▽

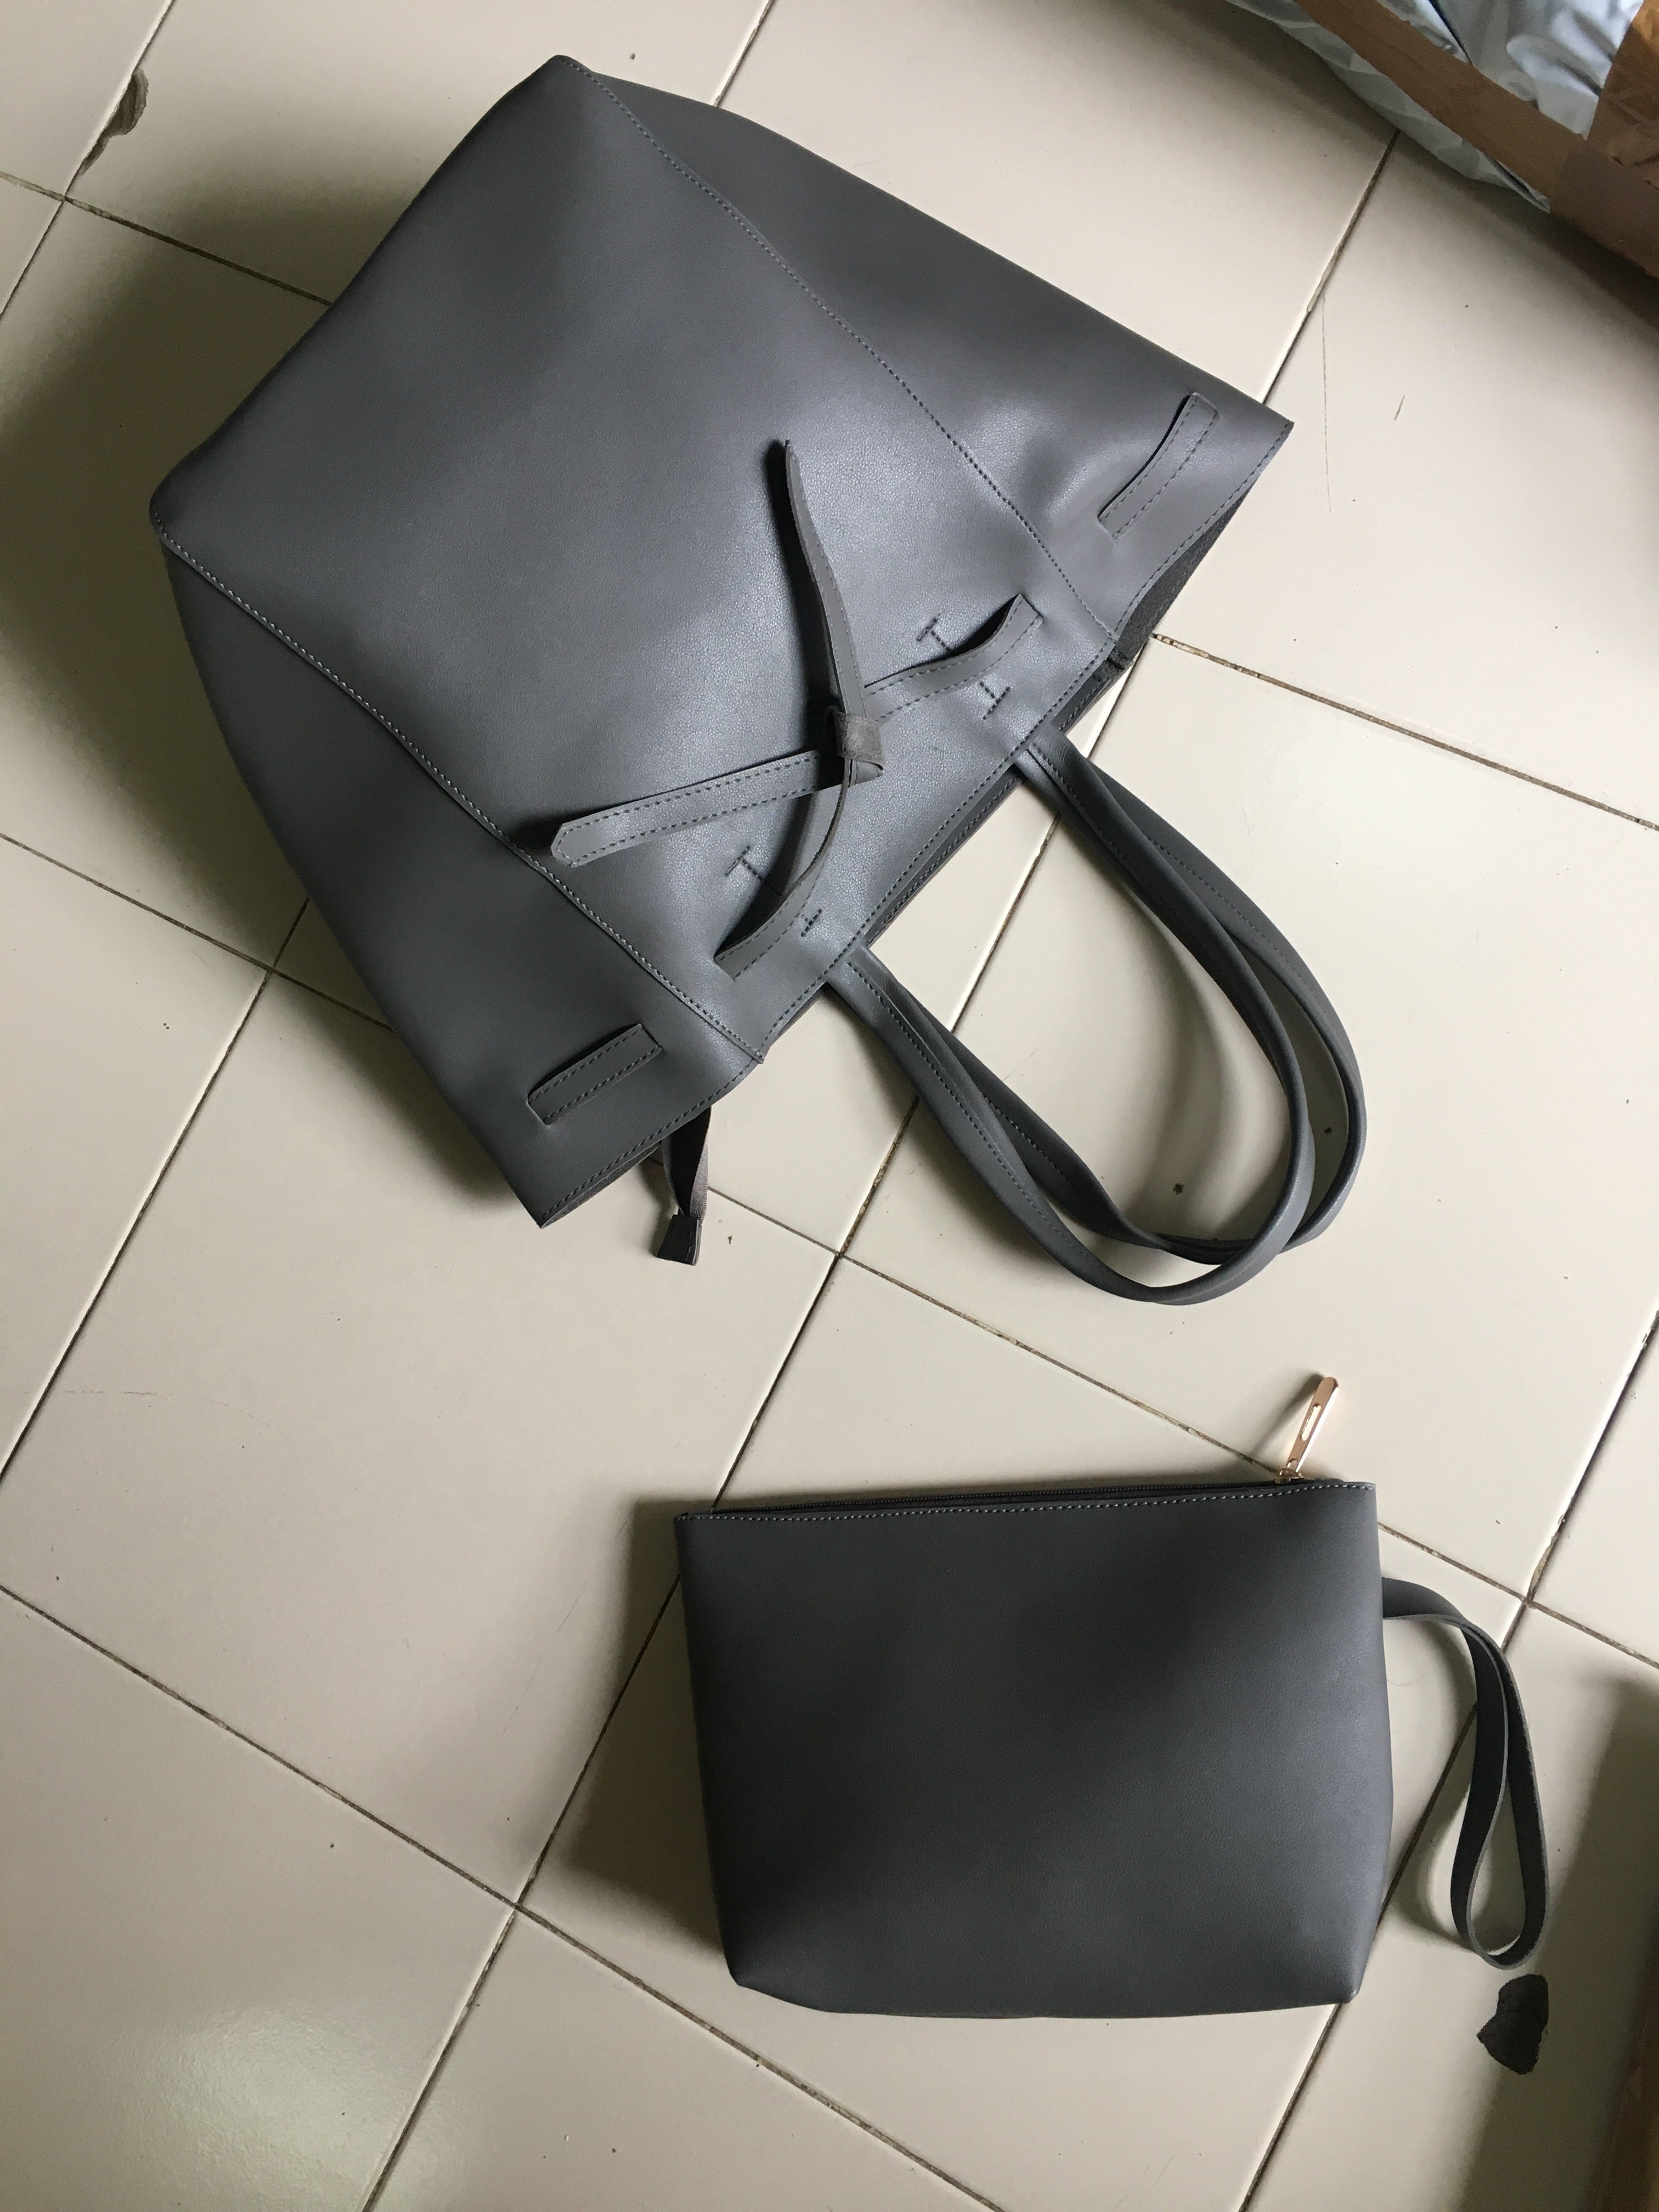 fcity.in - Women Latest Handbag Big Size Stylish Folding Bag Large Capacity  For
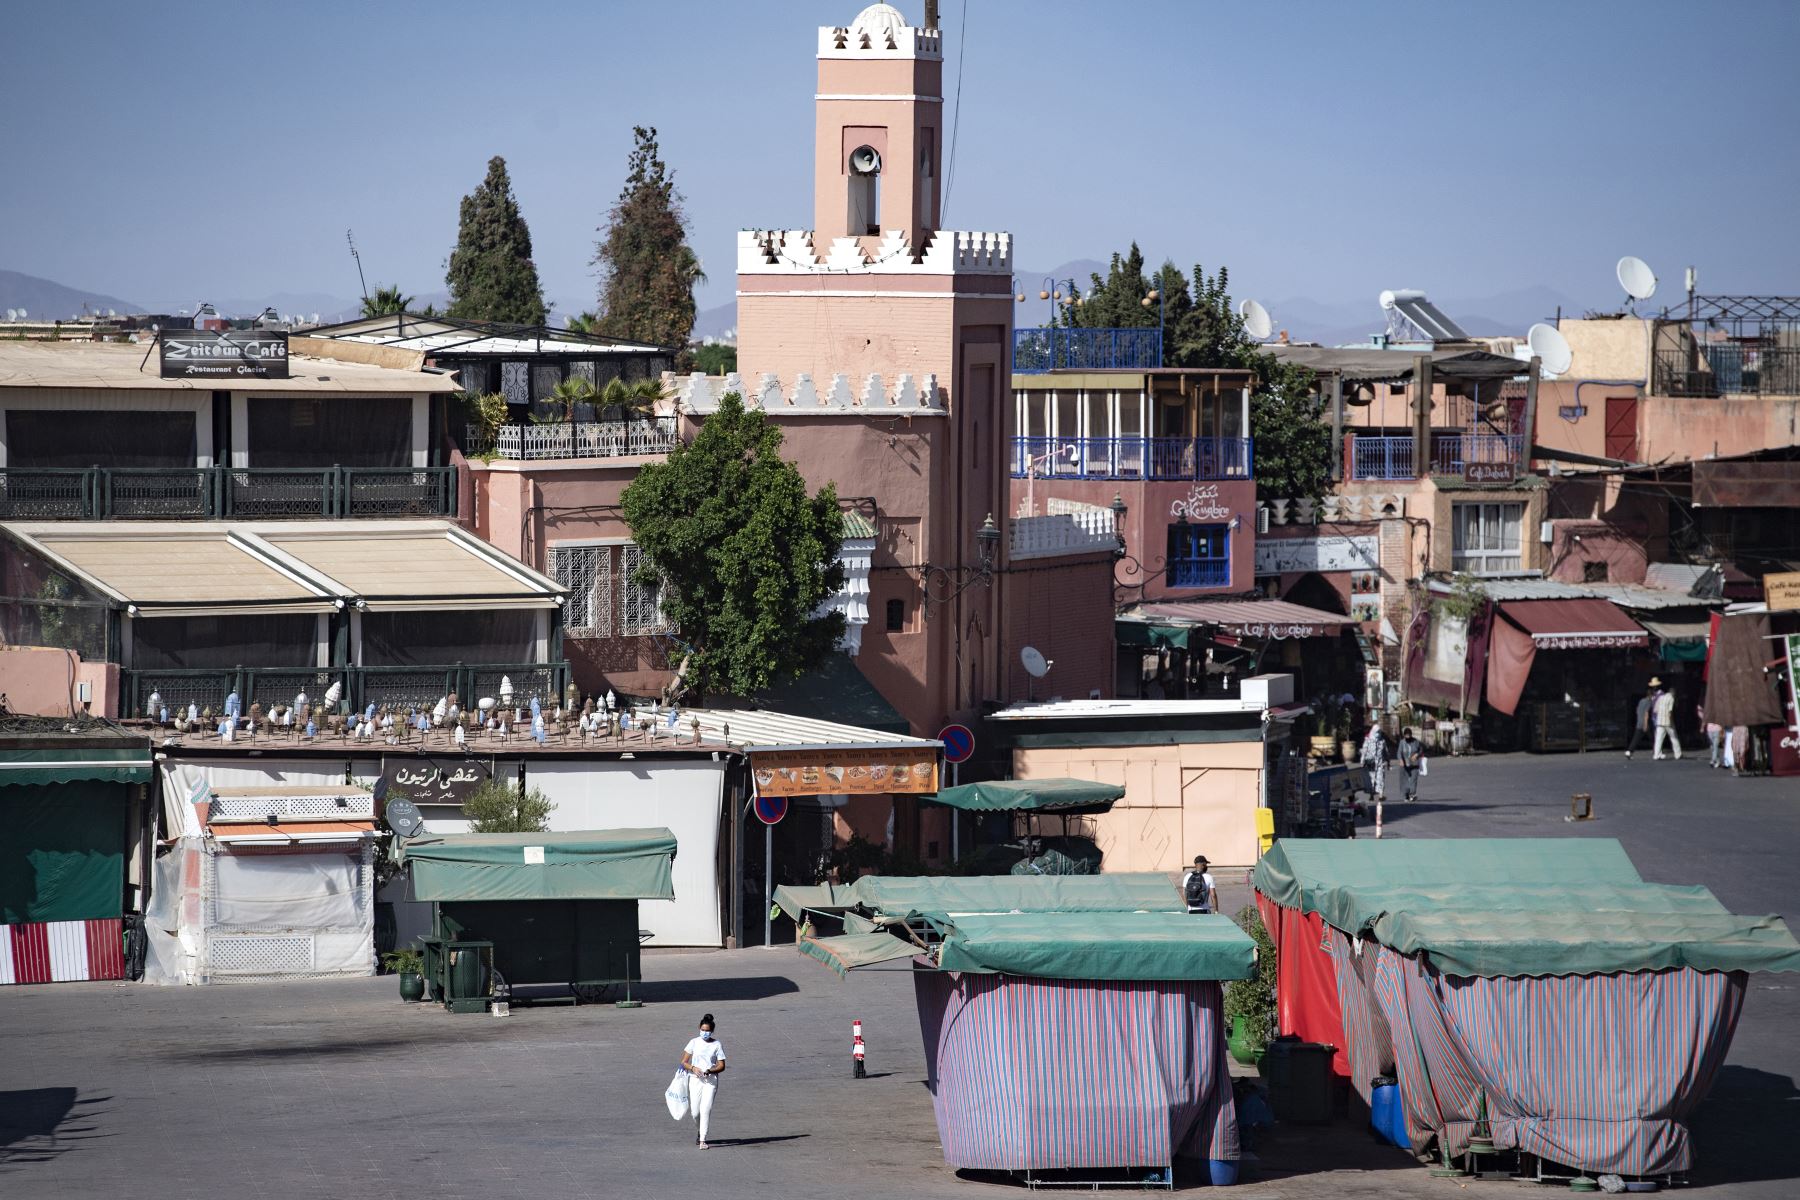 Algunas personas, con mascarillas, pasan por la plaza Jemaa el-Fna en la ciudad marroquí de Marrakech, actualmente vacía de sus multitudes habituales debido a la pandemia de Covid-19. Foto: AFP
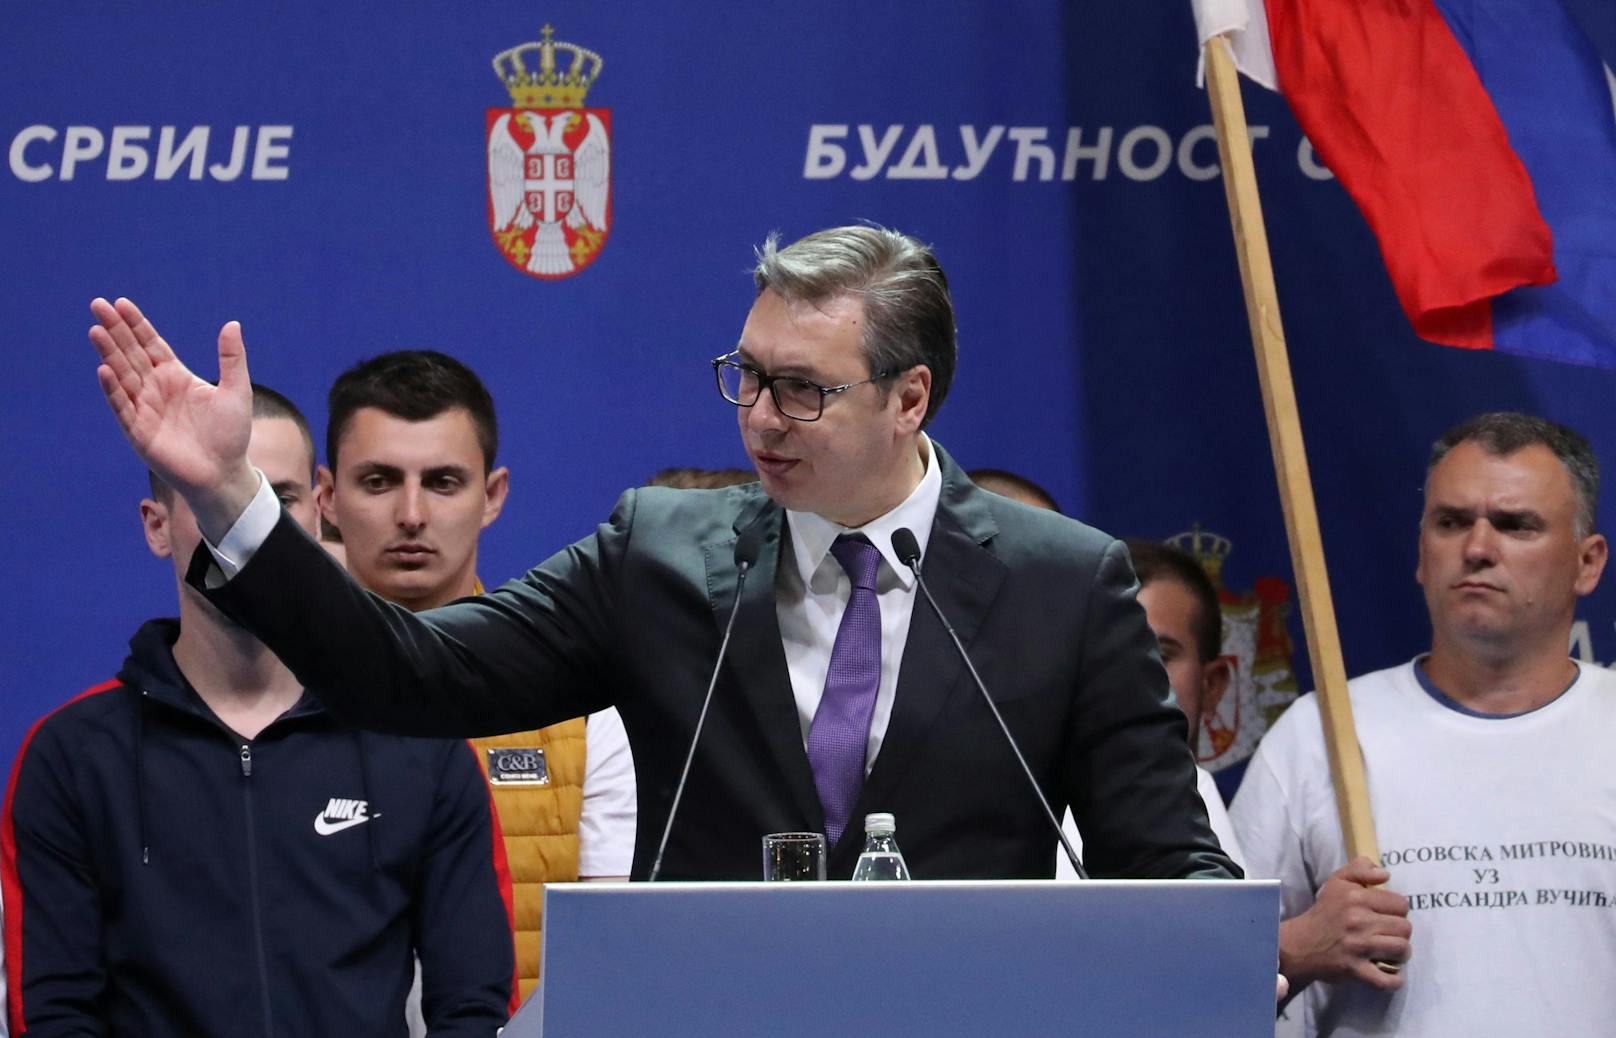 Serbiens Präsident will Todesstrafe wieder einführen

△

## What is being asked:
Copy the whole listing exactly, excluding the pictures in it.

## Result of this exercise:
 fcity.in - Women Latest Handbag Big Size Stylish Folding Bag Large Capacity  For
 Algunas personas, con mascarillas, pasan por la plaza Jemaa el-Fna en la ciudad marroquí de Marrakech, actualmente vacía de sus multitudes habituales debido a la pandemia de Covid-19. Foto: AFP
 Serbiens Präsident will Todesstrafe wieder einführen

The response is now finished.